··· Record set

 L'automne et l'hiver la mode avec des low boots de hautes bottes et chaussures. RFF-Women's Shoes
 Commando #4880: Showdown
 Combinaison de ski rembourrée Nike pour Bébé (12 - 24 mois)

······
··· Record set

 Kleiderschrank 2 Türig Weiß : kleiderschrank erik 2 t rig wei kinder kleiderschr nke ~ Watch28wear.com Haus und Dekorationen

······
··· Record set

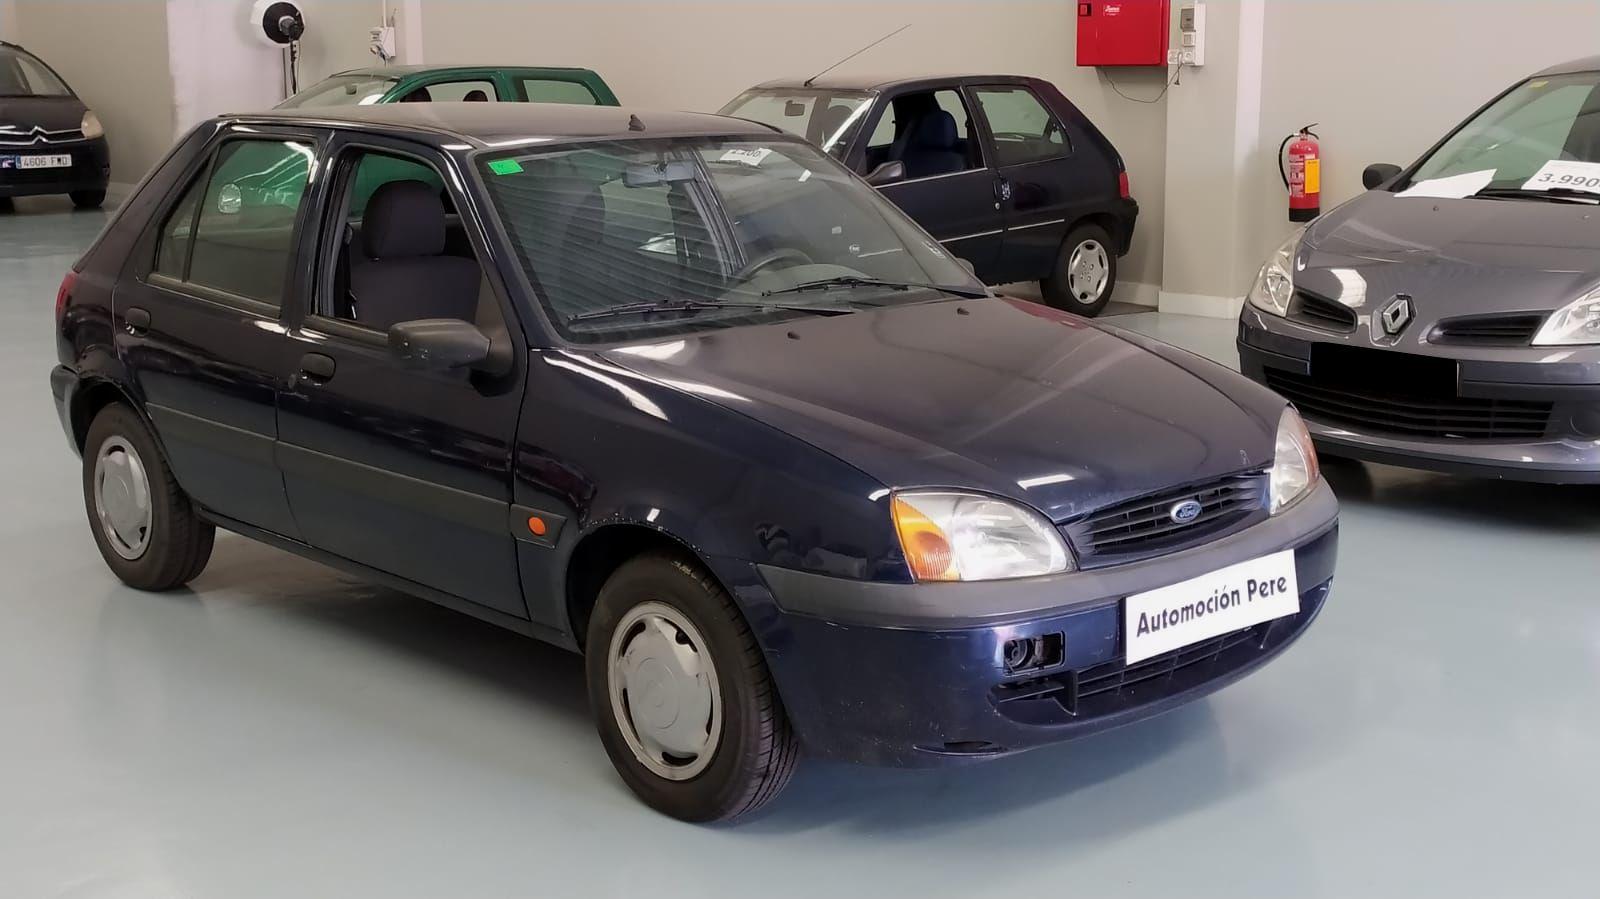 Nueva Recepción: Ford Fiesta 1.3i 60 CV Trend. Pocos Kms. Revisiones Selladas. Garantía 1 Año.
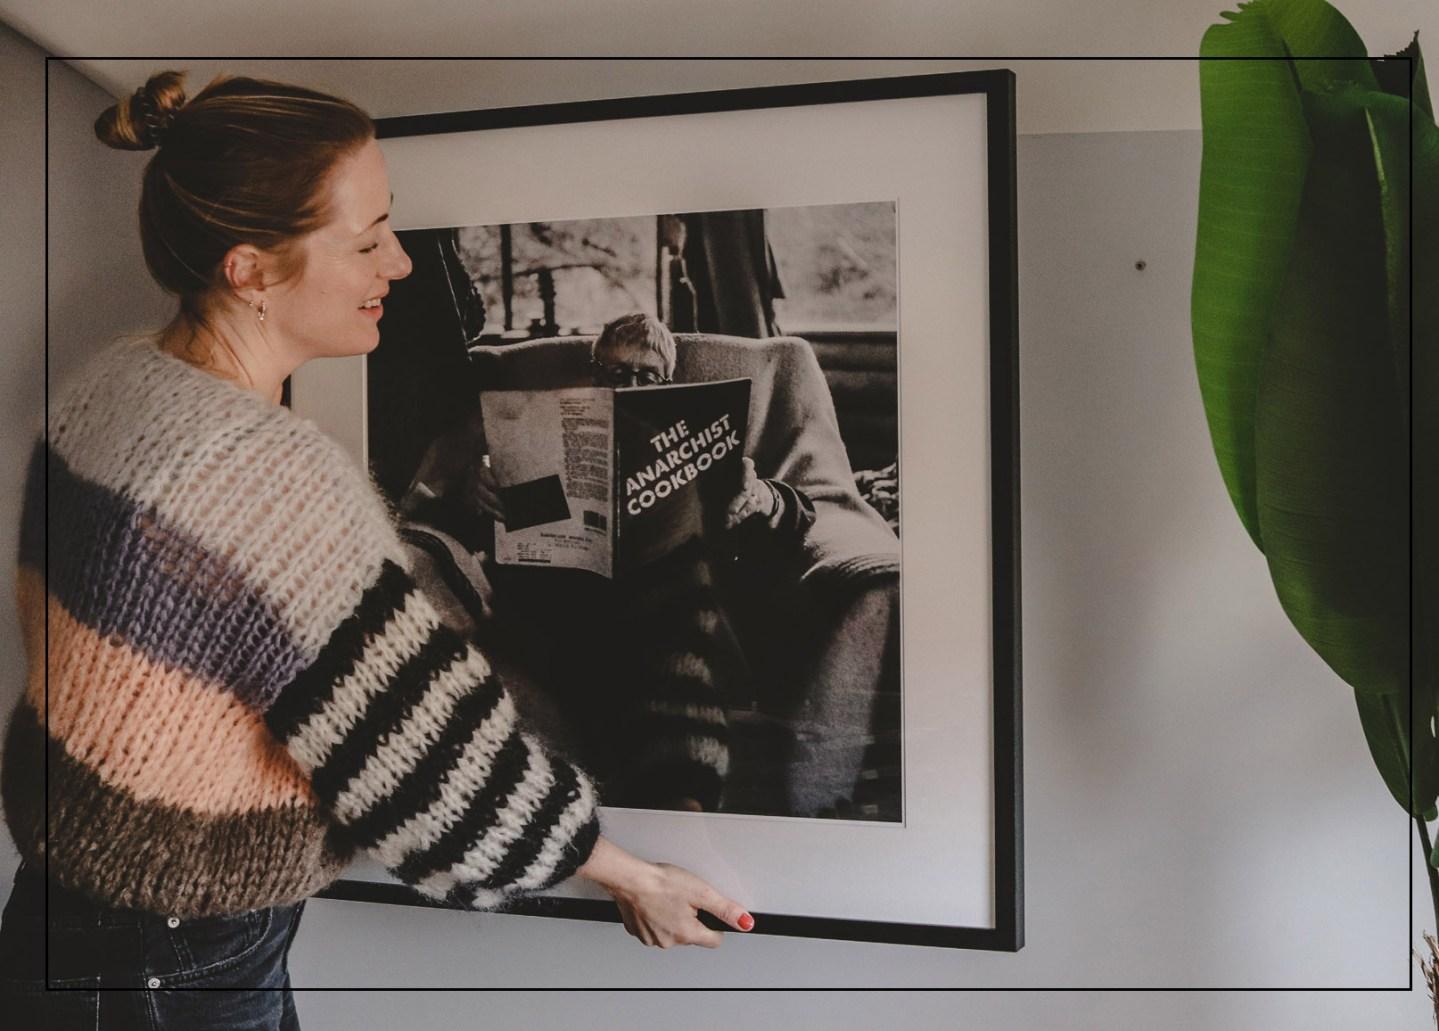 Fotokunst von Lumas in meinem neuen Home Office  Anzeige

······

Restate word for word every line from the one with "Nueva Recepción: Ford" up to and including the one with "Fotokunst von Lumas" in the records above, minus the pictures.

#### Exercise answer:
 Nueva Recepción: Ford Fiesta 1.3i 60 CV Trend. Pocos Kms. Revisiones Selladas. Garantía 1 Año.
 Fotokunst von Lumas in meinem neuen Home Office  Anzeige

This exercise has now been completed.